- **Work to complete**
Using the material below, return exactly the lines between the one holding "Dirt Car Racing" and the one holding "Princess Black Widow", inclusive, and no others.

- **Provided information**
··········

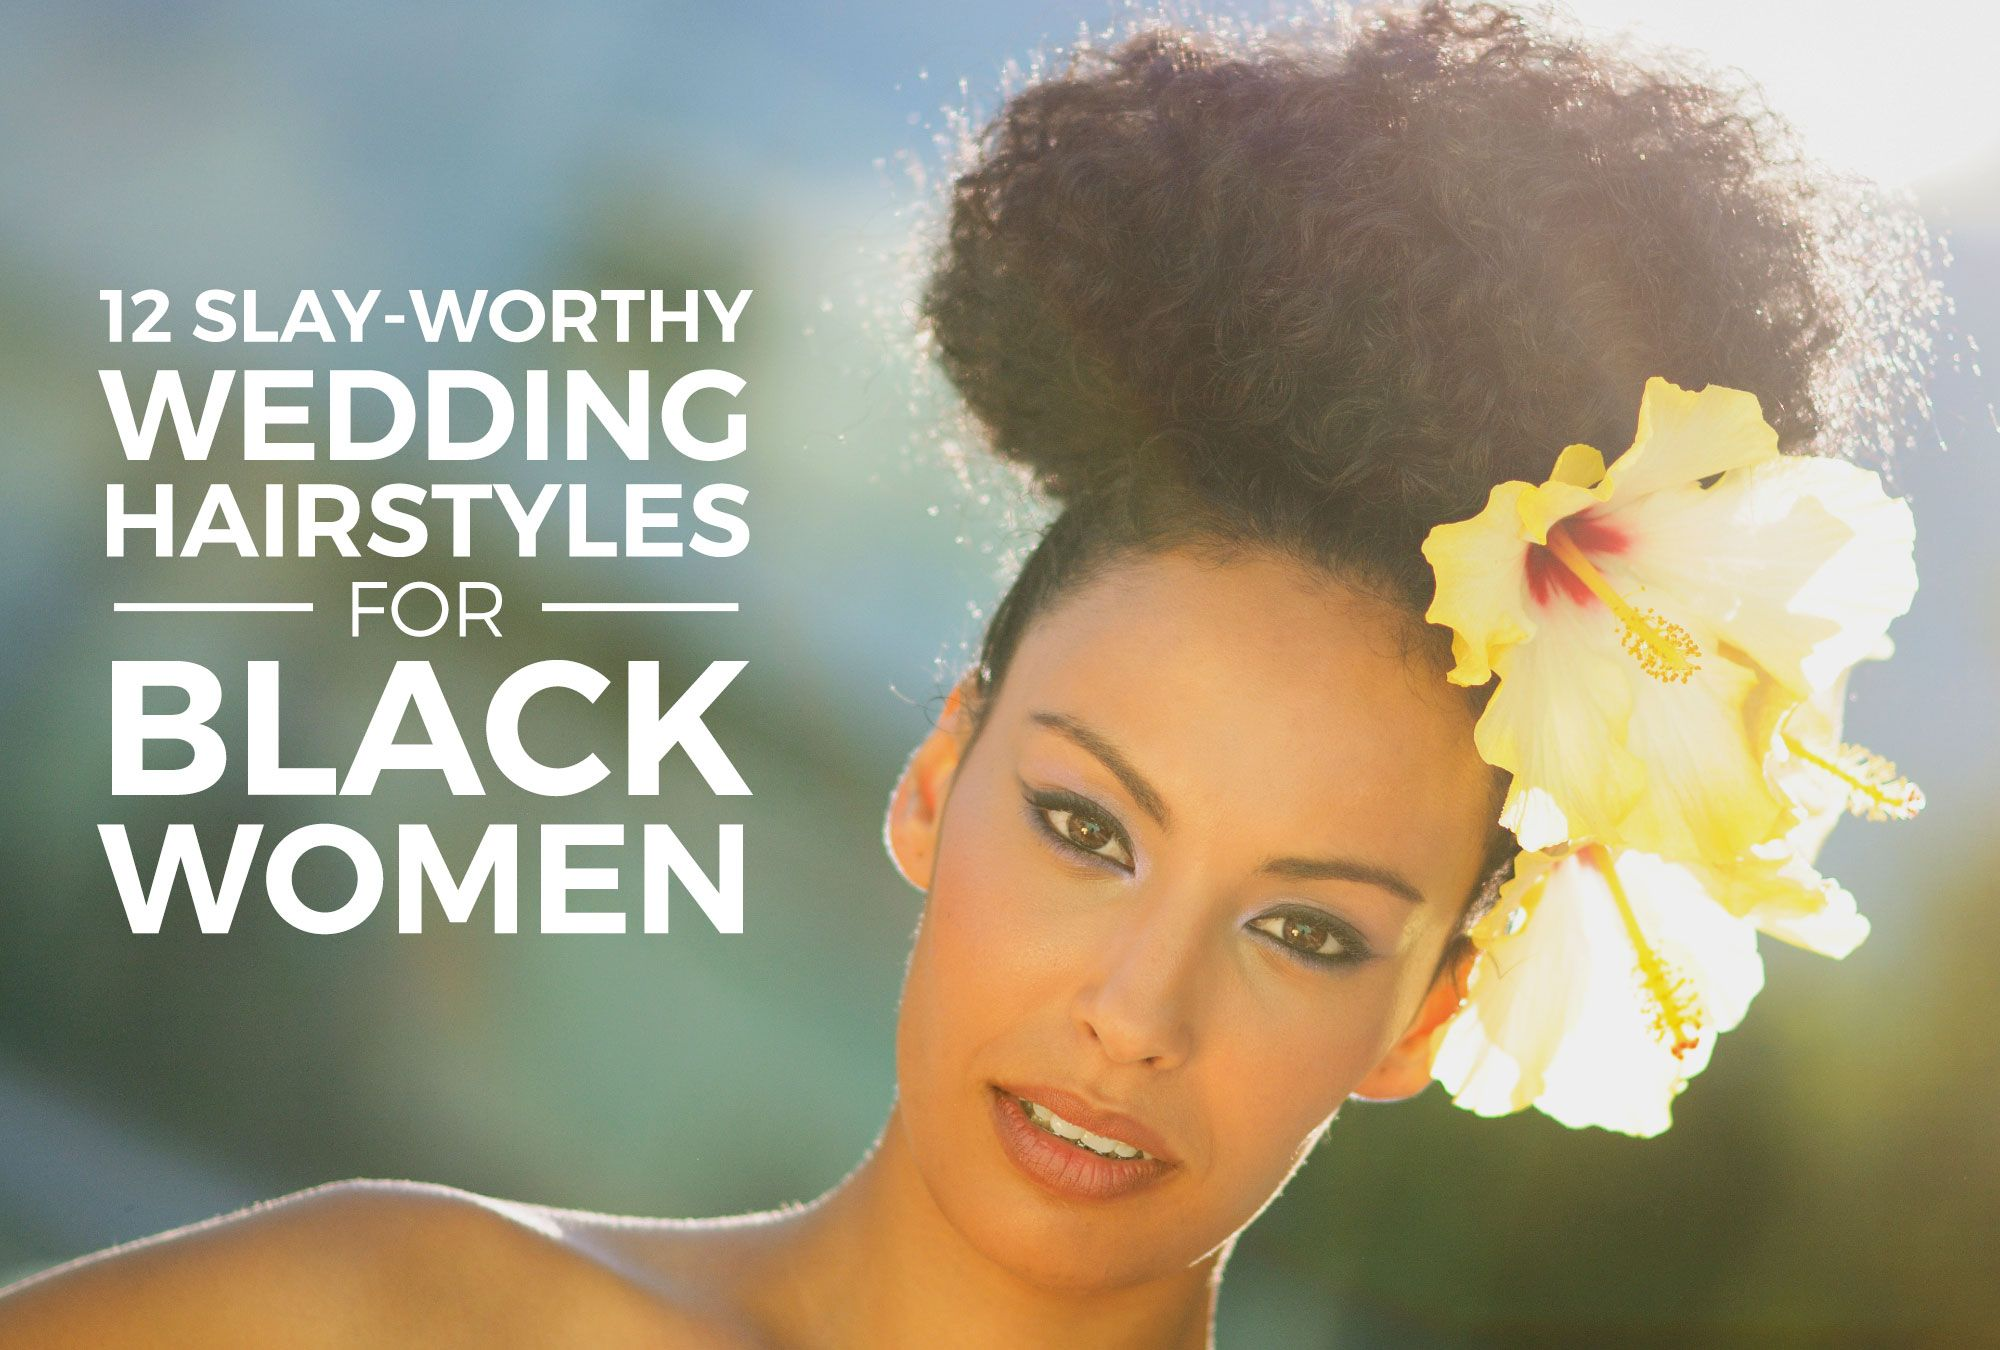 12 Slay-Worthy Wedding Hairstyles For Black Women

··········

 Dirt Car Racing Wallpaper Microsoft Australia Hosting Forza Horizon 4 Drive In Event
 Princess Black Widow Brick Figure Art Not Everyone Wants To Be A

··········

- **Solution to this problem**
 Dirt Car Racing Wallpaper Microsoft Australia Hosting Forza Horizon 4 Drive In Event
 Princess Black Widow Brick Figure Art Not Everyone Wants To Be A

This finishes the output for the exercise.